Hi,
Background: We got Fusarium oxysporum genome sequenced.
- Genome Size: ~60mb
- Coverage: 100x
- Platform: Illumina NOvaseq x (Paired 150bp)
GOAL: Denovo Genome Assemblies
Problem 1:
The company gave multiple files per sample (ideally it shoiuld be just Forward and Reverse reads). BUt on discussion they said that their main concern was atleast 6Gb of data per sample. In 1st run they didnot achieve this. So the rerun the samples and got >6Gb data per sample in 2nd run. Now they gave us files from both 1st and 2nd run. So now for Sample ILL_02 I have 4 files as follow.
ILL_02_MKDN240005763-1A_227NJ5LT4_L4_1.fq.gz
ILL_02_MKDN240005763-1A_227NJ5LT4_L4_2.fq.gz
ILL_02_MKDN240005763-1A_227NJMLT4_L8_1.fq.gz
ILL_02_MKDN240005763-1A_227NJMLT4_L8_2.fq.gz
Solution I got: The solution I was presented to this problem was to just merge the files using zcat as
zcat ILL_02_MKDN240005763-1A_227NJ5LT4_L4_1.fq.gz ILL_02_MKDN240005763-1A_227NJMLT4_L8_1.fq.gz > ILL_02_merged_1.fq.gz
zcat ILL_02_MKDN240005763-1A_227NJ5LT4_L4_2.fq.gz ILL_02_MKDN240005763-1A_227NJMLT4_L8_2.fq.gz > ILL_02_merged_2.fq.gz
Question: Is this really a good approach ? Is their anyother method to merge these datasets of two runs ?

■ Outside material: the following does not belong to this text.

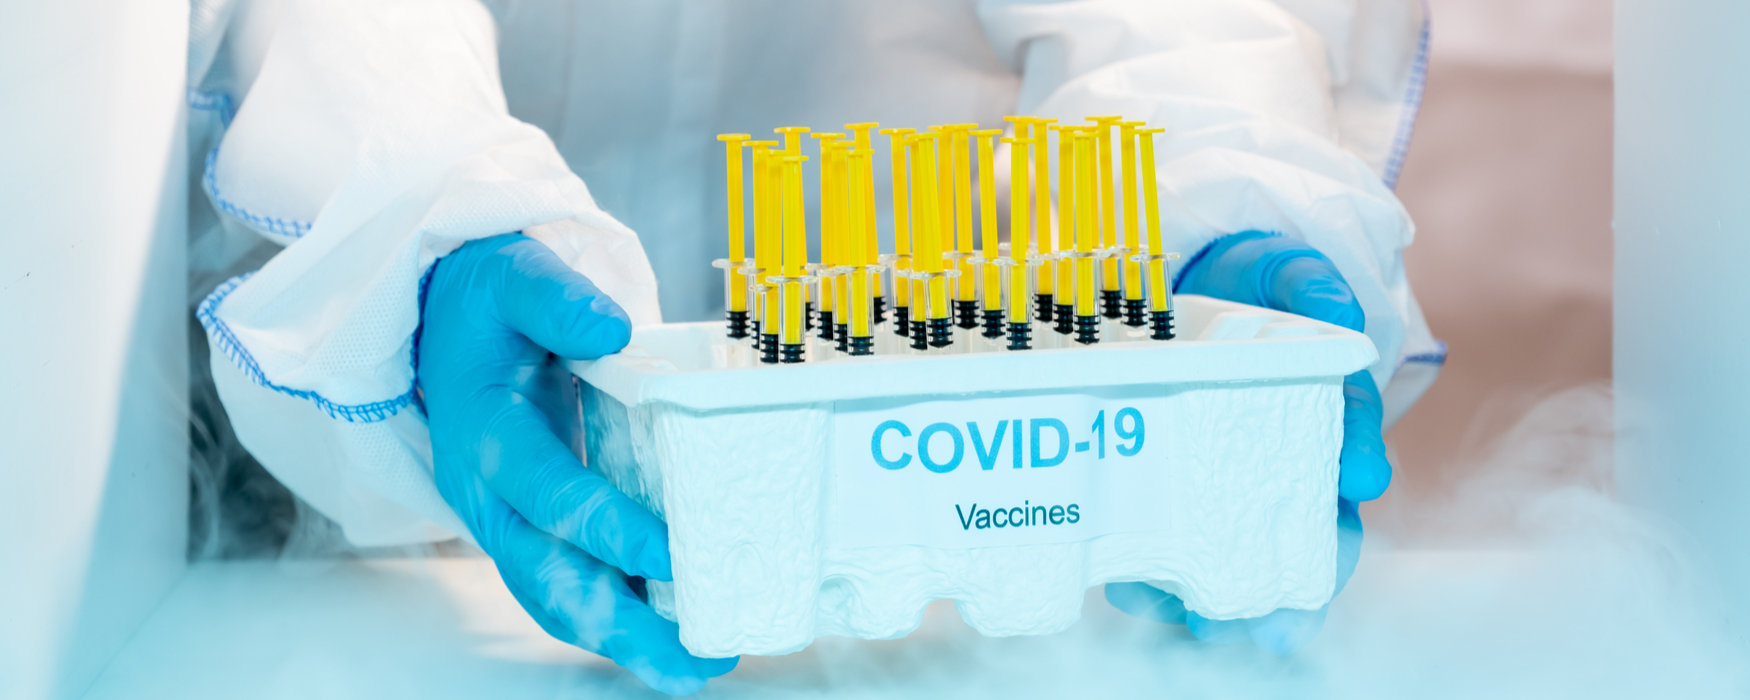 Pennsylvania covid vaccine freezers - covid 19 vaccine freezer - vaccine storage in Pennsylvania

Was the same library re-run or was a new set of libraries made? Did they run a single pool of libraries on all lanes? If it is the same library re-run on two flowcells then these are technical sequencing replicates. There should be little, if any, batch effect unless a different chemistry was used for two runs.
You can use plain
cat
. No need to usezcat
here.the representative of sequencing company gave me this responce when i asked about multiple files per sample and i quote here
I think they jusr re-run the same library.
As long as the lower yield first time around was not because of a problem of some sort with the software/hardware it should be fine to merge the data.